▶ **Data for review**:
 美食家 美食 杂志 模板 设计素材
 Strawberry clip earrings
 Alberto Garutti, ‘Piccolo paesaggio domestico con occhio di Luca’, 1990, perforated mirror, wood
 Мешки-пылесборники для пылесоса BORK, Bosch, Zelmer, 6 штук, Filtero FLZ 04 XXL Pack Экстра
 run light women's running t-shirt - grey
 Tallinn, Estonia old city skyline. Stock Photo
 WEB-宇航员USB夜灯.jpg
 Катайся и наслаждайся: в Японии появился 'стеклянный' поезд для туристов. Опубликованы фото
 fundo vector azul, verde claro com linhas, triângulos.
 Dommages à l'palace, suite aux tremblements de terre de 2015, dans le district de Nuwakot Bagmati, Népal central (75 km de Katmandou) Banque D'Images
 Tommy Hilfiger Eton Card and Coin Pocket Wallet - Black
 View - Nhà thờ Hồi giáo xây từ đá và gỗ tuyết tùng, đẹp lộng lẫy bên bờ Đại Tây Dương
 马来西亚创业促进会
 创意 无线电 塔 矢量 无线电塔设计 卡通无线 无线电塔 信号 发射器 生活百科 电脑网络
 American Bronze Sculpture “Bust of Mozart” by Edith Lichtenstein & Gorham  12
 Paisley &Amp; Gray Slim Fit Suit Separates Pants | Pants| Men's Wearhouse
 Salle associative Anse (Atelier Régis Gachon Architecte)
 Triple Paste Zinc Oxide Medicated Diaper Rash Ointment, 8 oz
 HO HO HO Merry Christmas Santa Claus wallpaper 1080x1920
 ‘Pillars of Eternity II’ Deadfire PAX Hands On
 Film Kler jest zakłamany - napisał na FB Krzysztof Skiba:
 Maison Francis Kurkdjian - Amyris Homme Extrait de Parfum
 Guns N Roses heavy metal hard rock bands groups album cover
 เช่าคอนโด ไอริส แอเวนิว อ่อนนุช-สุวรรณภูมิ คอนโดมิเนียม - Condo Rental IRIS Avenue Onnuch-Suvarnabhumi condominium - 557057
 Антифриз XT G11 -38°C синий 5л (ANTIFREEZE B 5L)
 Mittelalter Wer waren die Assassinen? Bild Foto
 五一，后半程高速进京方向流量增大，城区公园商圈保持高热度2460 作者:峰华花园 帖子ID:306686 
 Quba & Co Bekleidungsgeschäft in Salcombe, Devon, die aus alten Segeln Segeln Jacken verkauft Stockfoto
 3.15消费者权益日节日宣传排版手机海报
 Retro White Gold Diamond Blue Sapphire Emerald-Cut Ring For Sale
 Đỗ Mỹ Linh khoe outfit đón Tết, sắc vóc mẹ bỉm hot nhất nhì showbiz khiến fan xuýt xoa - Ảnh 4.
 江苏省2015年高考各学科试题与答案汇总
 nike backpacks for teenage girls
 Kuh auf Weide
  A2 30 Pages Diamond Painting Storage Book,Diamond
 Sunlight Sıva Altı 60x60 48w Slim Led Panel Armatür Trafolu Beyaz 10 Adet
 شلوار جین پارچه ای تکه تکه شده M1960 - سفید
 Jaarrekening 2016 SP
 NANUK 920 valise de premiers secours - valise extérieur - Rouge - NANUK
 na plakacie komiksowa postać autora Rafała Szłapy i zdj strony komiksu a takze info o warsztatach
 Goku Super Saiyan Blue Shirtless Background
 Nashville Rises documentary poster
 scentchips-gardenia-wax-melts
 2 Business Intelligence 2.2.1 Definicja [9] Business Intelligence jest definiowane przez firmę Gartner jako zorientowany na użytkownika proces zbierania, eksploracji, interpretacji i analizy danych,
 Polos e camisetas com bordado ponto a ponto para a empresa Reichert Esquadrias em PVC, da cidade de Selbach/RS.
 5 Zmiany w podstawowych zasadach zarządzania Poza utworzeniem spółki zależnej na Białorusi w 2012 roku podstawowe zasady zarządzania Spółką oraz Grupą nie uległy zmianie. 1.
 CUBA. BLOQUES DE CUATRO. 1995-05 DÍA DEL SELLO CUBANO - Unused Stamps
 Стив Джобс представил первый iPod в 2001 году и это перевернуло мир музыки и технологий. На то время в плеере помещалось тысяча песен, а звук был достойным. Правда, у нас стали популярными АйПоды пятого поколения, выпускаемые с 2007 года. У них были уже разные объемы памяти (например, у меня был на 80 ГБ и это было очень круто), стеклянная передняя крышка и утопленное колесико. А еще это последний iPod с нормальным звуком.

▶ **Problem to work on**: Would you please copy exactly the part of the entries above that begins at the line containing "Nashville Rises documentary poster" and ends at the line containing "CUBA. BLOQUES DE", both lines included?

▶ **Written answer**:
 Nashville Rises documentary poster
 scentchips-gardenia-wax-melts
 2 Business Intelligence 2.2.1 Definicja [9] Business Intelligence jest definiowane przez firmę Gartner jako zorientowany na użytkownika proces zbierania, eksploracji, interpretacji i analizy danych,
 Polos e camisetas com bordado ponto a ponto para a empresa Reichert Esquadrias em PVC, da cidade de Selbach/RS.
 5 Zmiany w podstawowych zasadach zarządzania Poza utworzeniem spółki zależnej na Białorusi w 2012 roku podstawowe zasady zarządzania Spółką oraz Grupą nie uległy zmianie. 1.
 CUBA. BLOQUES DE CUATRO. 1995-05 DÍA DEL SELLO CUBANO - Unused Stamps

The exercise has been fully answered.